▶ Task
Your task is to repeat all of the data exactly while excluding the pictures.

▶ Provided records
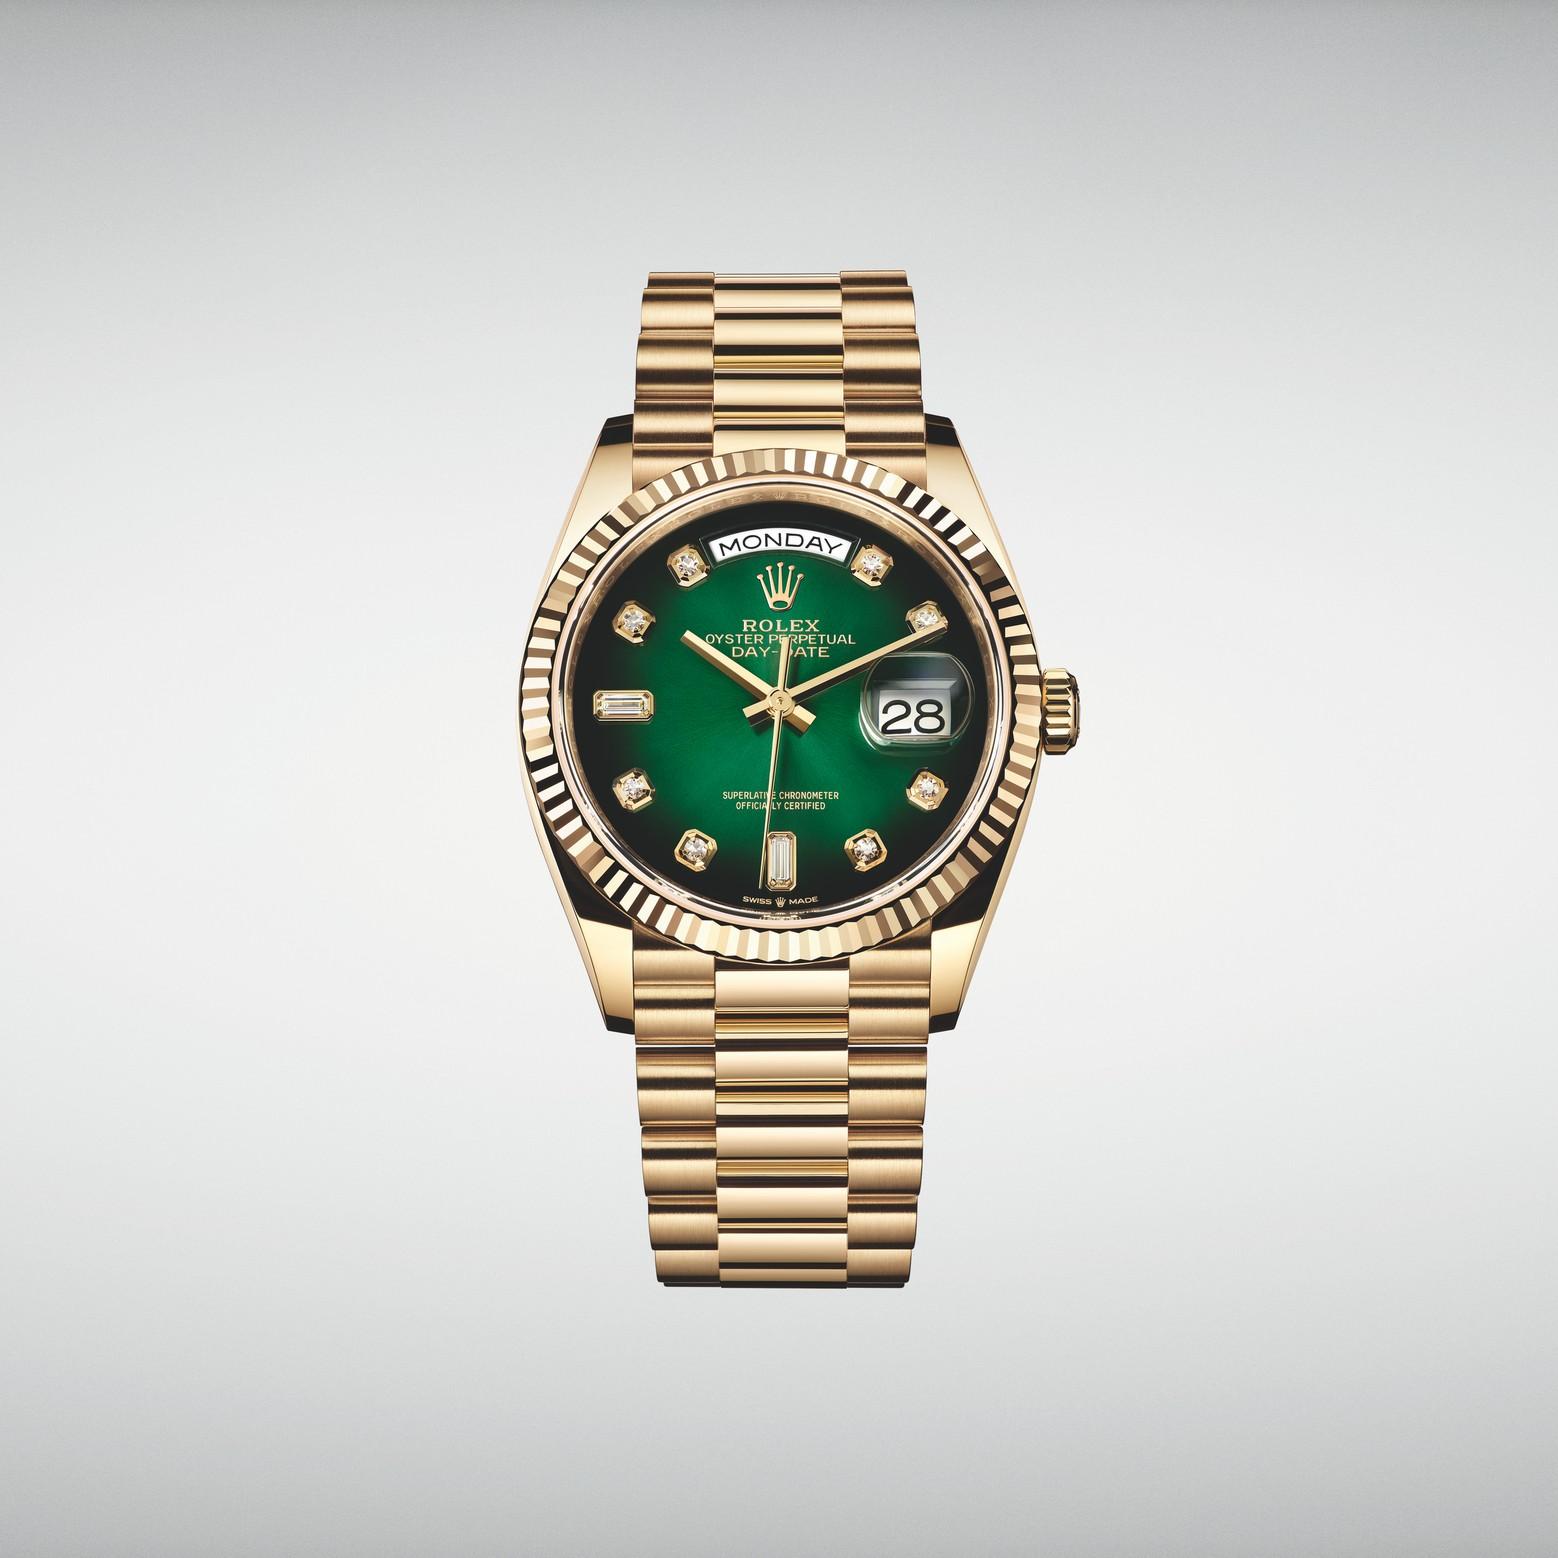 cf3ff1955f ... Rolex  Τα υπέροχα ολοκαίνουργια μοντέλα της σειράς Οyster
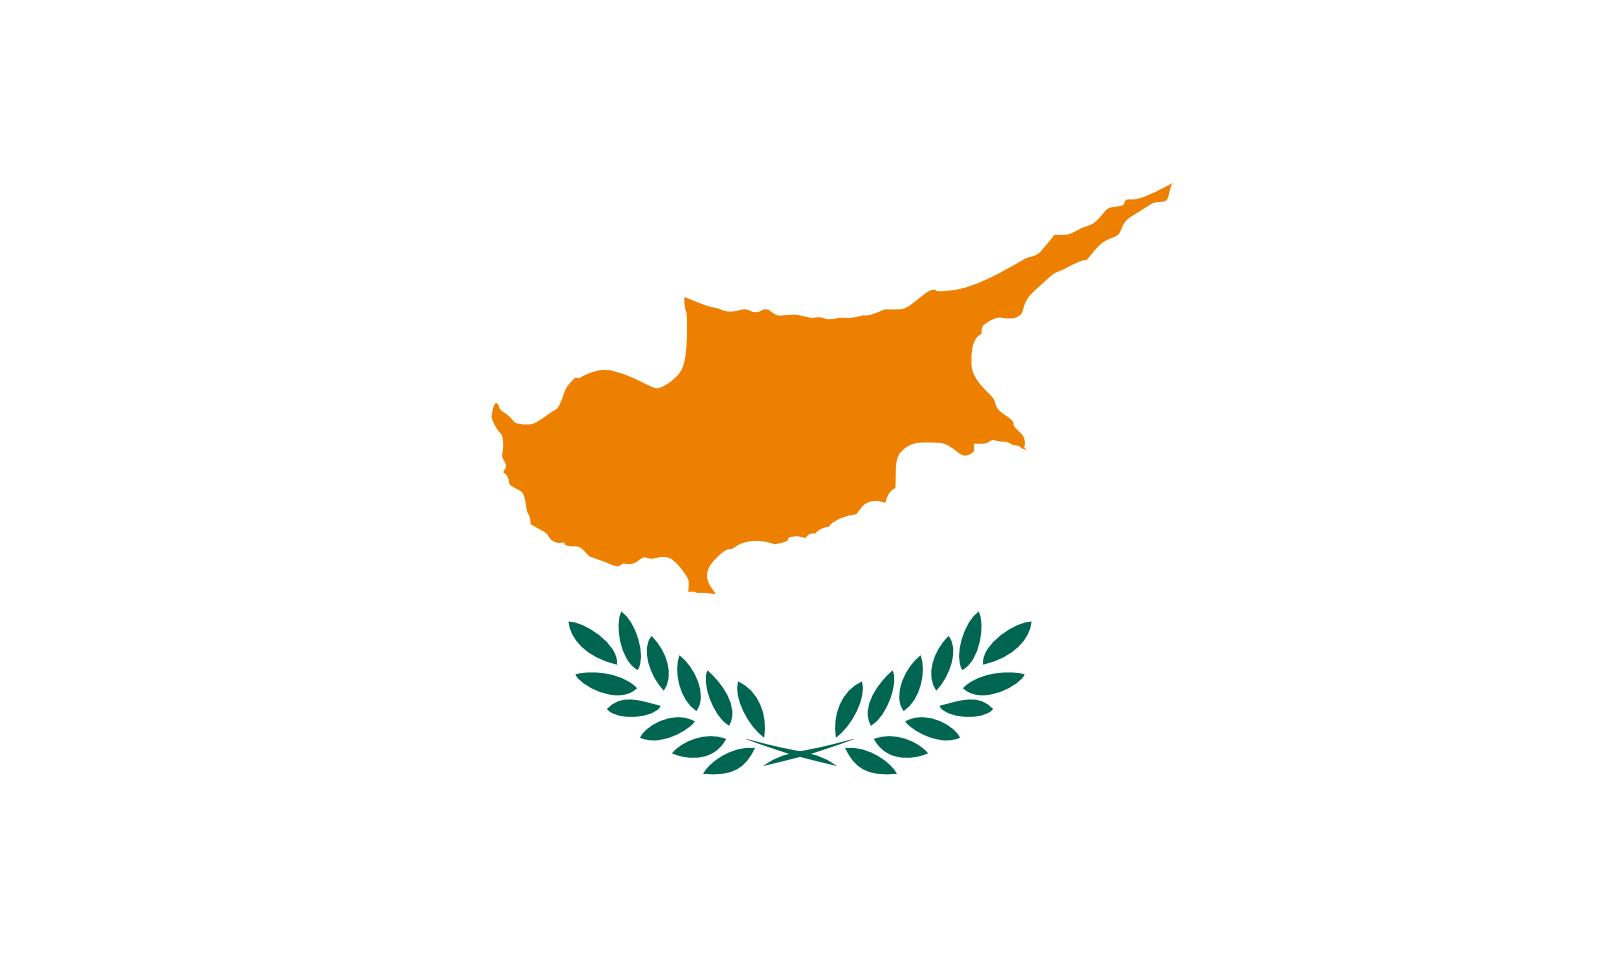 National Flag Of Cyprus
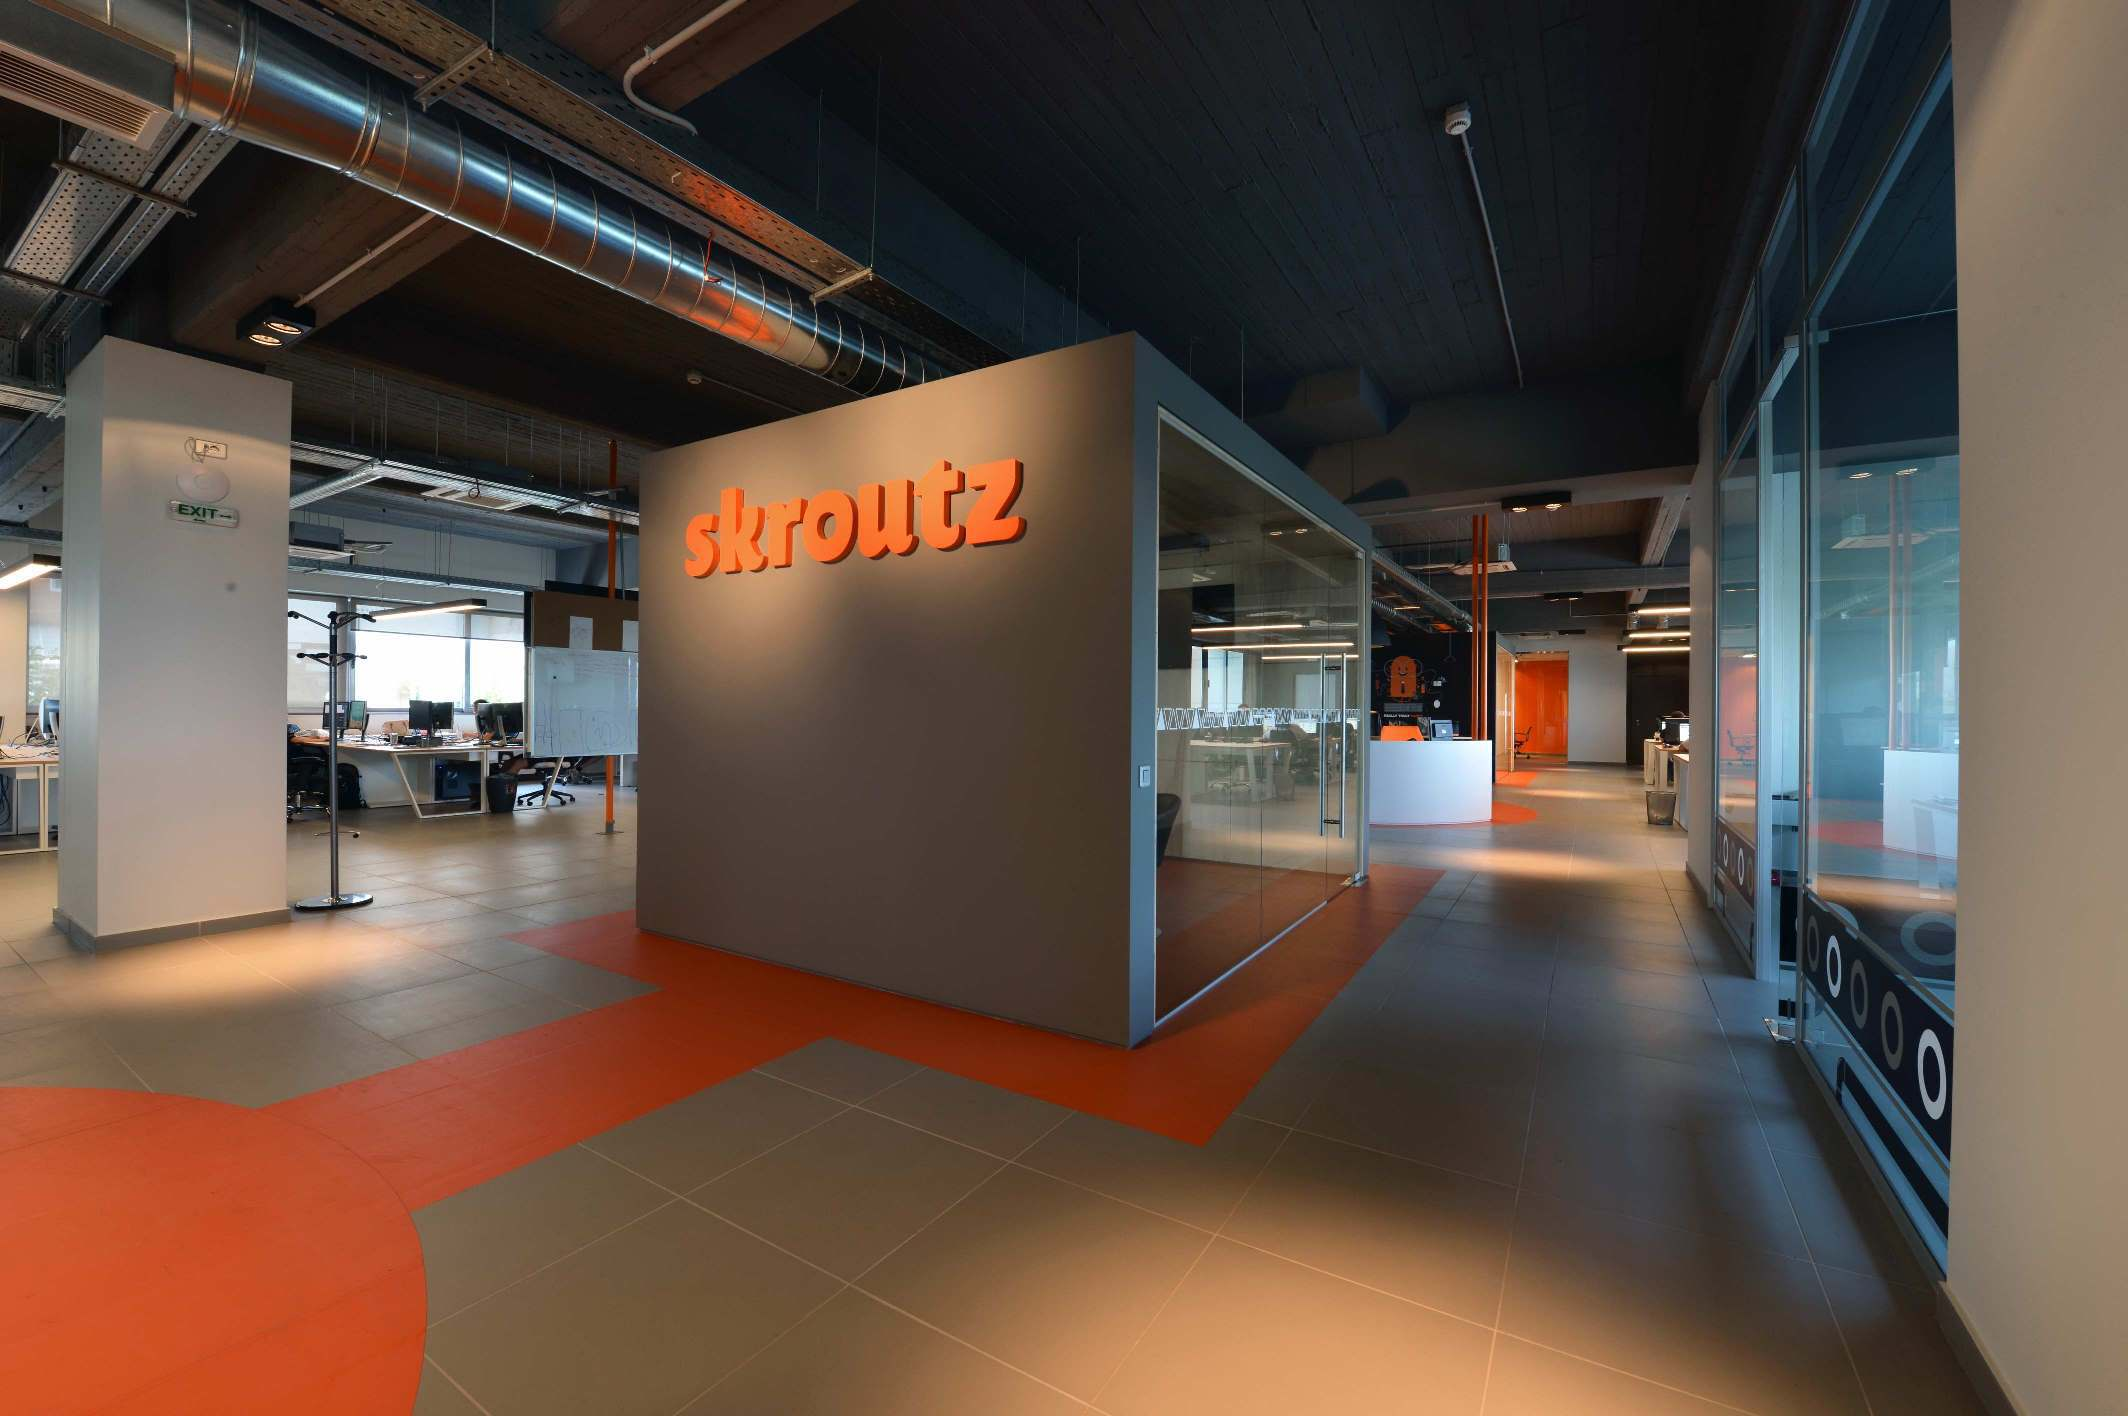 Skroutz: Αγόρασαν με 300.000 ευρώ, θα εισπράξουν εκατομμύρια ευρώ
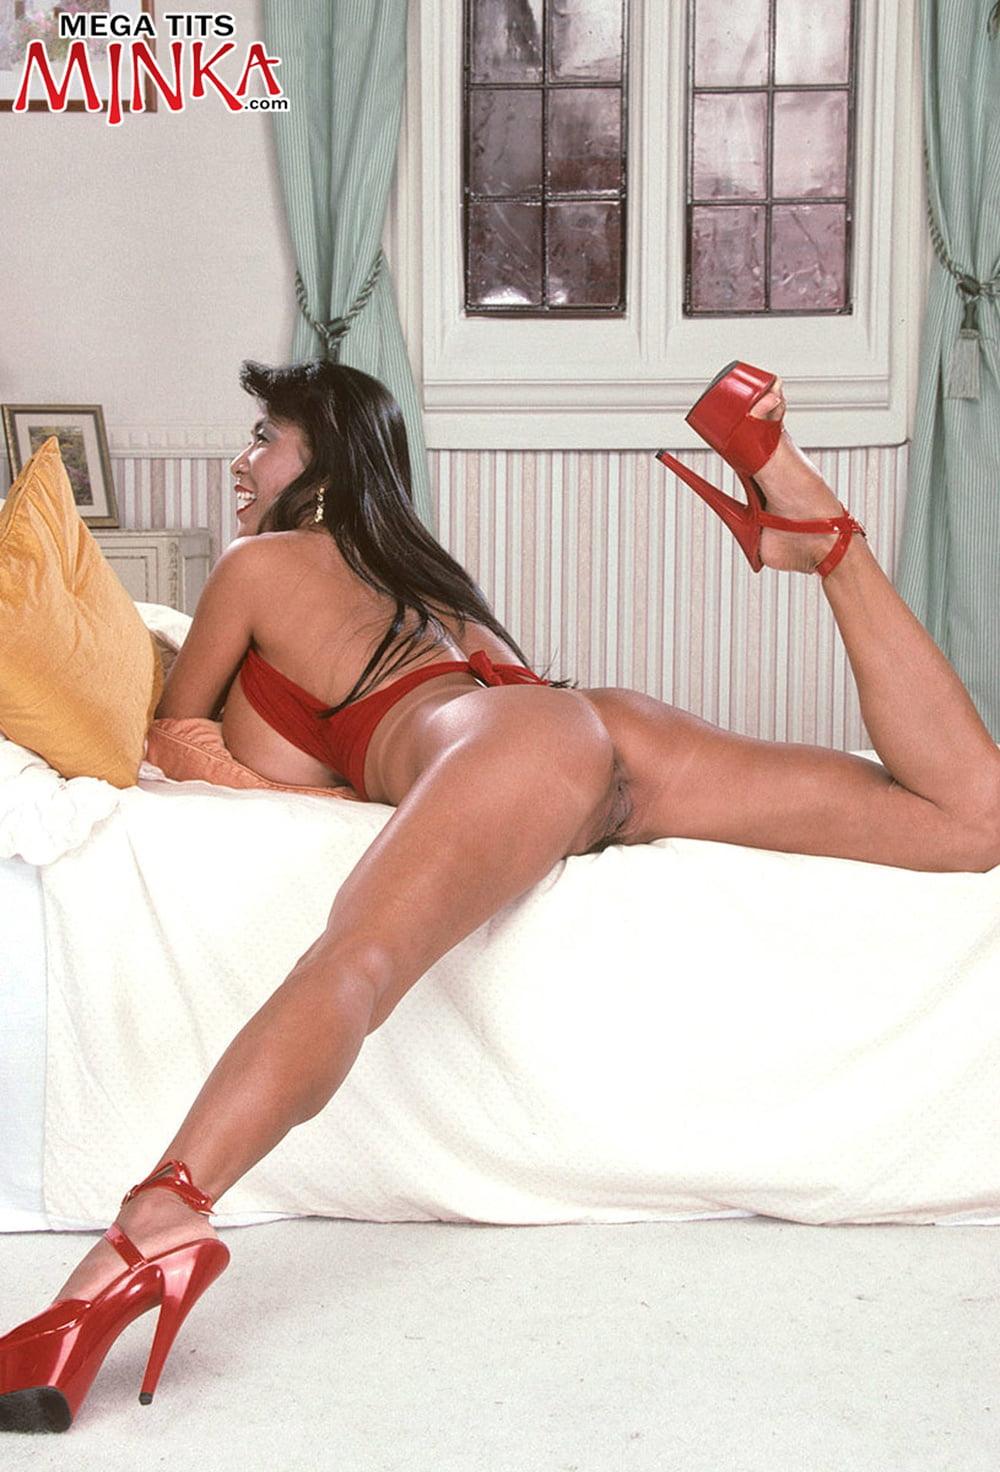 xxx pics Hot girl hard anal fucked fishnet
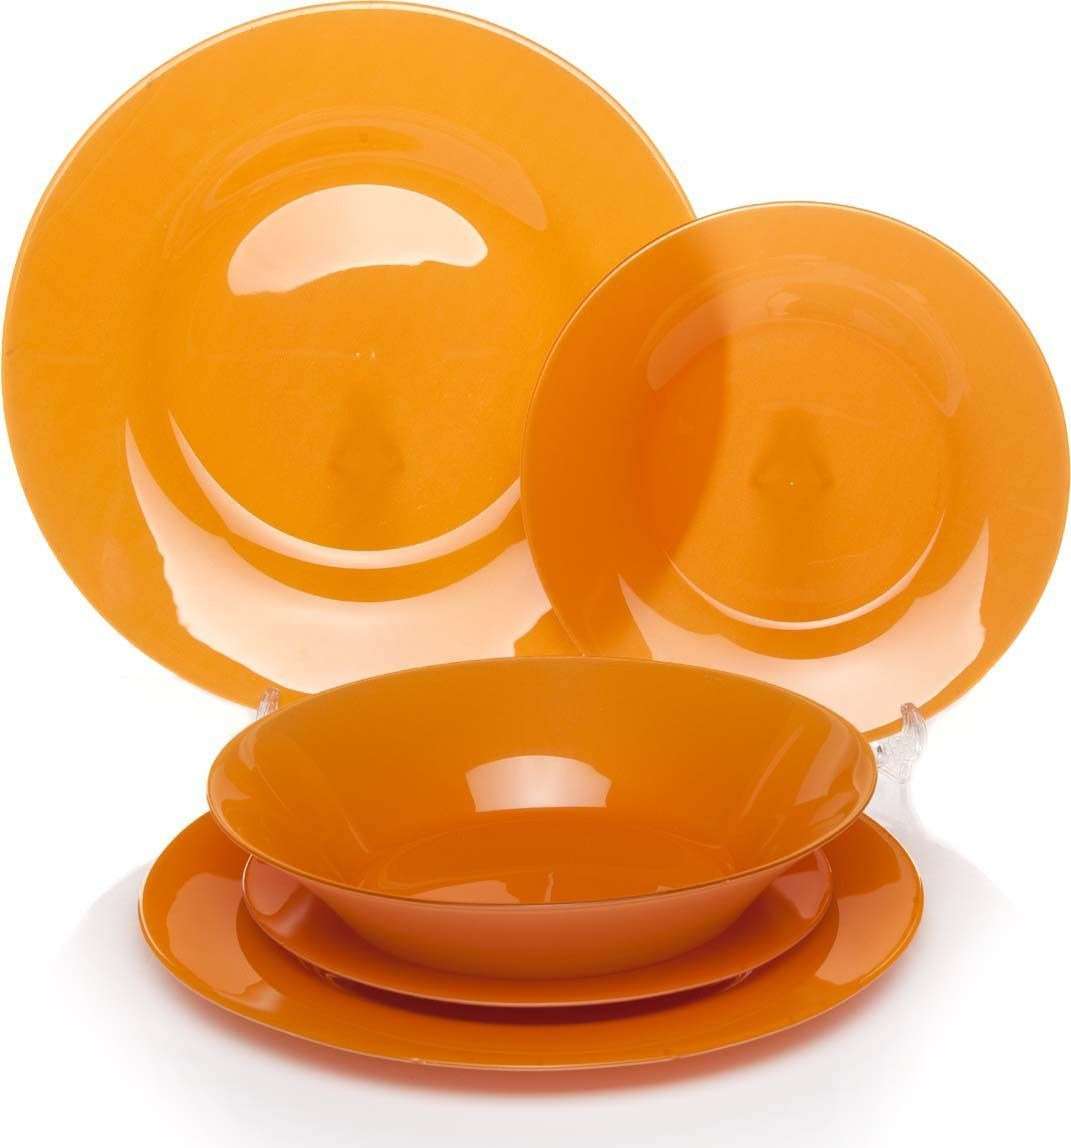 Набор тарелок Pasabahce Уоркшоп Оранж Виллаж, 18 предметов тарелки

▶ Output below
 cf3ff1955f ... Rolex  Τα υπέροχα ολοκαίνουργια μοντέλα της σειράς Οyster
 National Flag Of Cyprus
 Skroutz: Αγόρασαν με 300.000 ευρώ, θα εισπράξουν εκατομμύρια ευρώ
 xxx pics Hot girl hard anal fucked fishnet
 Набор тарелок Pasabahce Уоркшоп Оранж Виллаж, 18 предметов тарелки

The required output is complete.